Но что здесь действительно прекрасно, что делает эту картину просто замечательной, это не только героика, но и лиризм, поэтичность, напряженность действия. Вот чем должно быть поэтическое кино: не пьесы Шекспира, доведенные до среднего уровня, еще менее приемлемого, чем нынешние театральные постановки, но поэзия, воплощенная в образах, в которых жизнь проявляется ярче, чем в самом сюжете. На сцене это можно осуществить довольно грубо (с помощью слов), но киноискусство сродни романной прозе, а «Мы из Кронштадта» созданы соотечественниками Чехова и Тургенева. Разумеется, еще в ранних вещах Пудовкина мы видели прекрасные картины природы, но эти картины были жестко привязаны к революционной идее: мчащиеся облака, бури над азиатскими пустынями, ломающийся весенней порой балтийский лед — все это имело небольшую лирическую ценность, ведь такие кадры использовались метафорически для усиления однозначного смысла сюжета. С другой стороны, «Мы из Кронштадта», от первого до последнего кадра, буквально насыщены поэтическим смыслом (вспомним, как определял поэтическое Форд Мэдокс Форд: «не энергия аранжировки слов по мелодическому признаку, но энергия внушения»), подобно «Дворянскому гнезду», и, самое любопытное, несмотря на пушечные залпы, реющие знамена, рукопашные схватки, фильм пронизан такой же, как в романе, мягкой, задумчивой, меланхолической интонацией. Здесь есть сцена, исполненная юмора и высокой иронии, которая, кажется, могла быть целиком списана из романа какого‑нибудь великого классика. Зал и лестница в бывшем дворце на берегу Балтийского моря битком забиты солдатами и матросами, лежащими вповалку. На рассвете дверь на верхней площадке отворяется и показывается стайка мальчишек, тайком забравшихся во дворец. Они осторожно пробираются вниз, готовые, как мыши, при малейшем шорохе юркнуть в свое укрытие. Они ощупывают револьверы, винтовки, пулеметы, замирают, если кто‑то вдруг зашевелится во сне, и продолжают красться мимо спящих с одной только целью — прикоснуться к револьверной кобуре или стволу английской винтовки.

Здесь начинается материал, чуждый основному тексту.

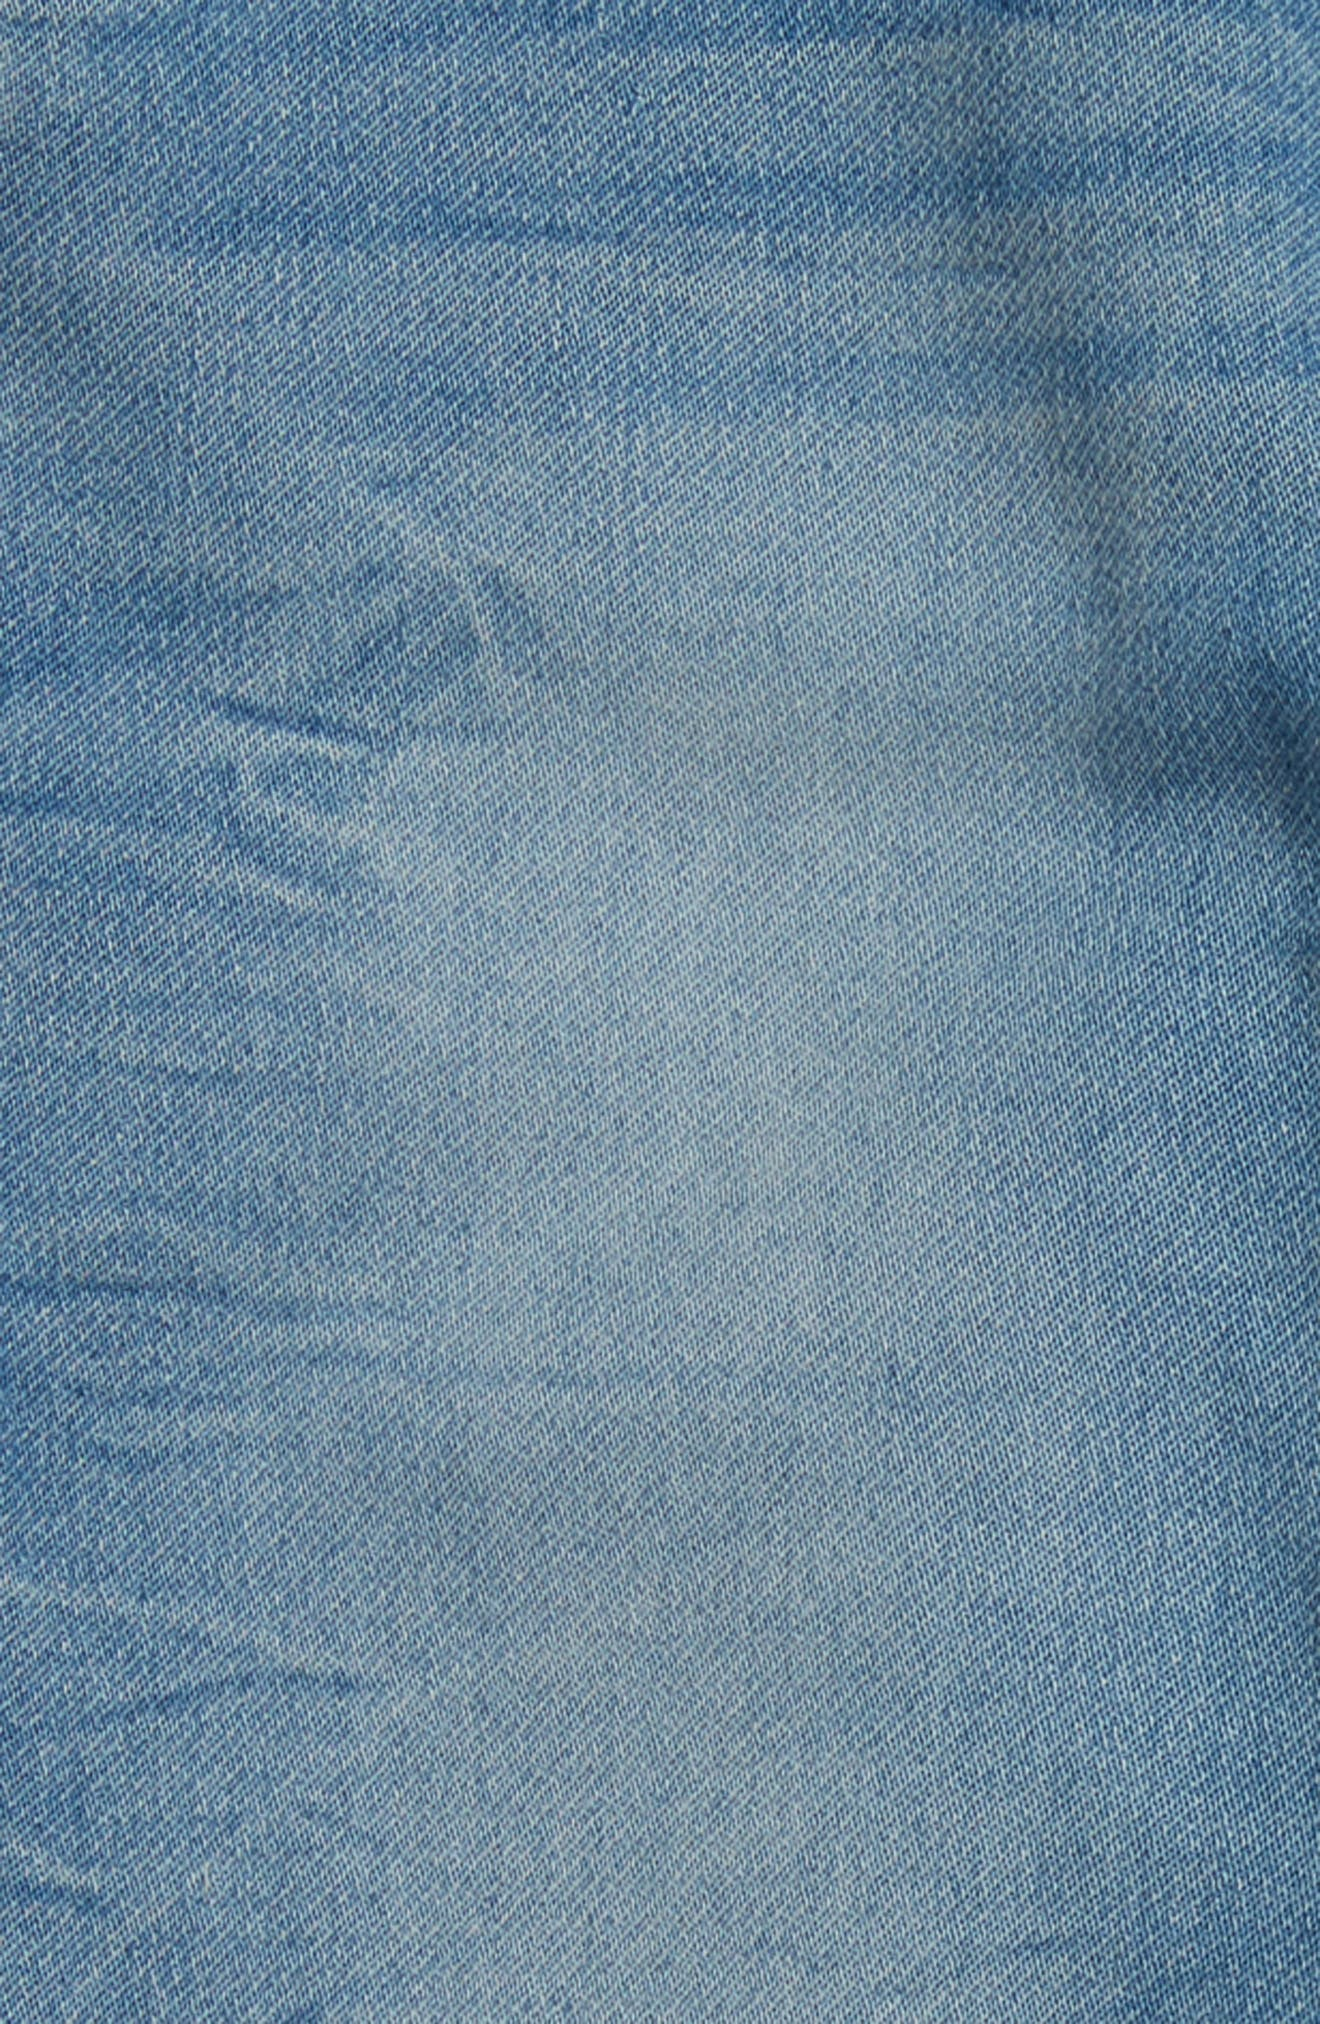 Denim Sweatpants,                             Alternate thumbnail 3, color,                             420
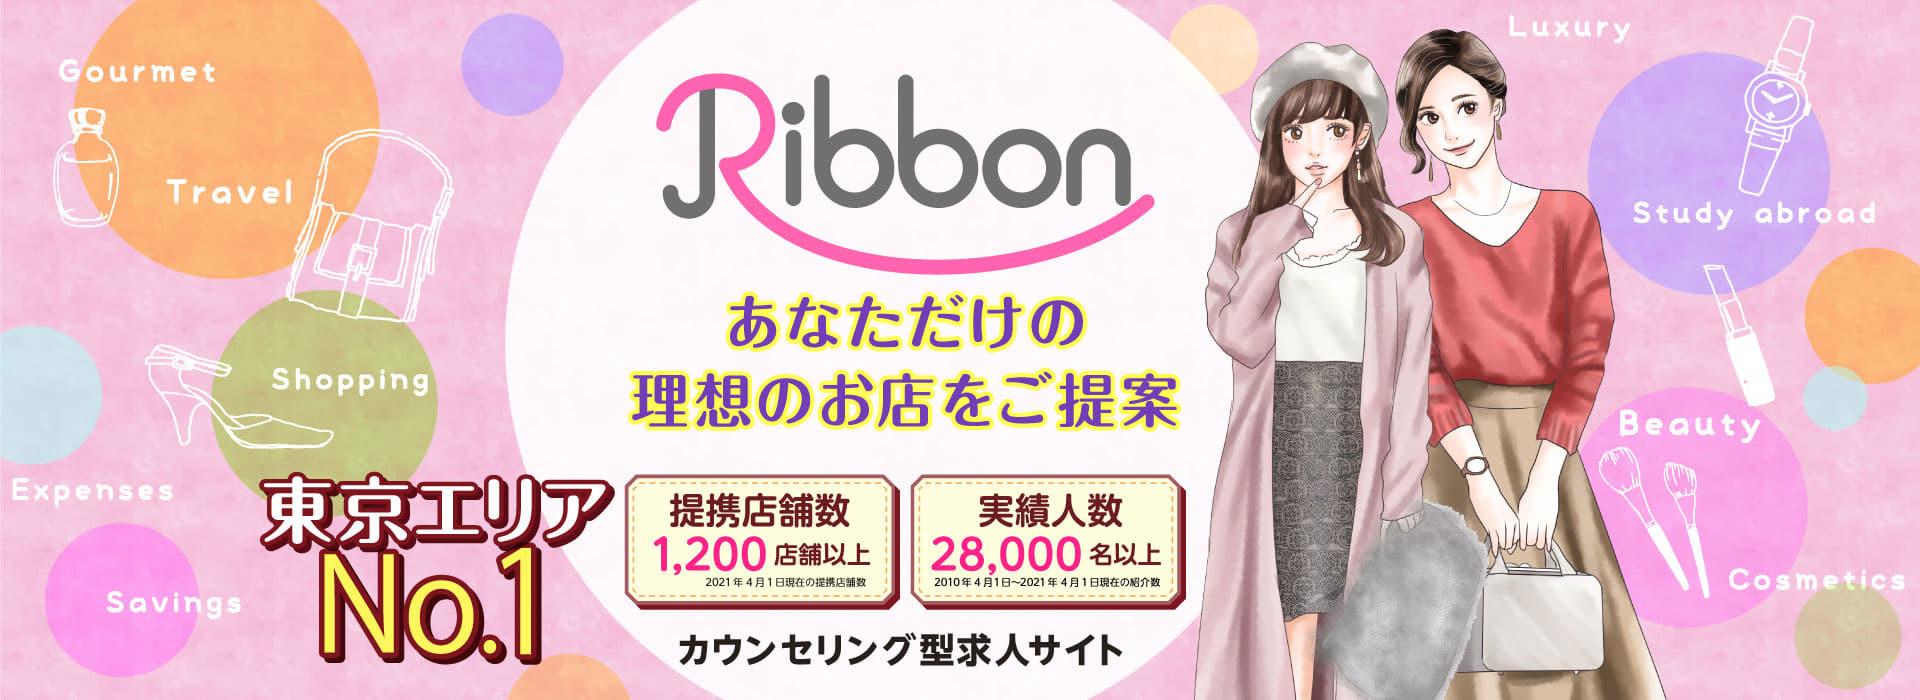 Ribbon カウンセリング型求人サイト

Можно привести еще множество аналогичных примеров поэтического использования образов и ситуаций: чайки, парящие в небе над скалами, где выстроились в ряд пленные красные, чтобы встретить в море свою смерть, — камера задерживается на тяжелых камнях, привязанных к их шеям, затем ловит легкое движение белых крыльев чаек. Одинокое почерневшее дерево нависает над массивными каменными стенами Кронштадта, над скамейкой, где матрос сжимает в объятиях женщину, а вдалеке виден мрачный прибой, движущиеся огоньки и силуэты пушек на боевых кораблях, откуда- то из тьмы доносится пение матросов, возвращающихся в свой железный дом. Вспоминается чеховское определение задачи писателя: жизнь как она есть, какой она должна быть. Каждый поэтический образ выбран по контрасту для изображения безмятежной будничности человеческого существования даже в героическую и тревожную пору войны.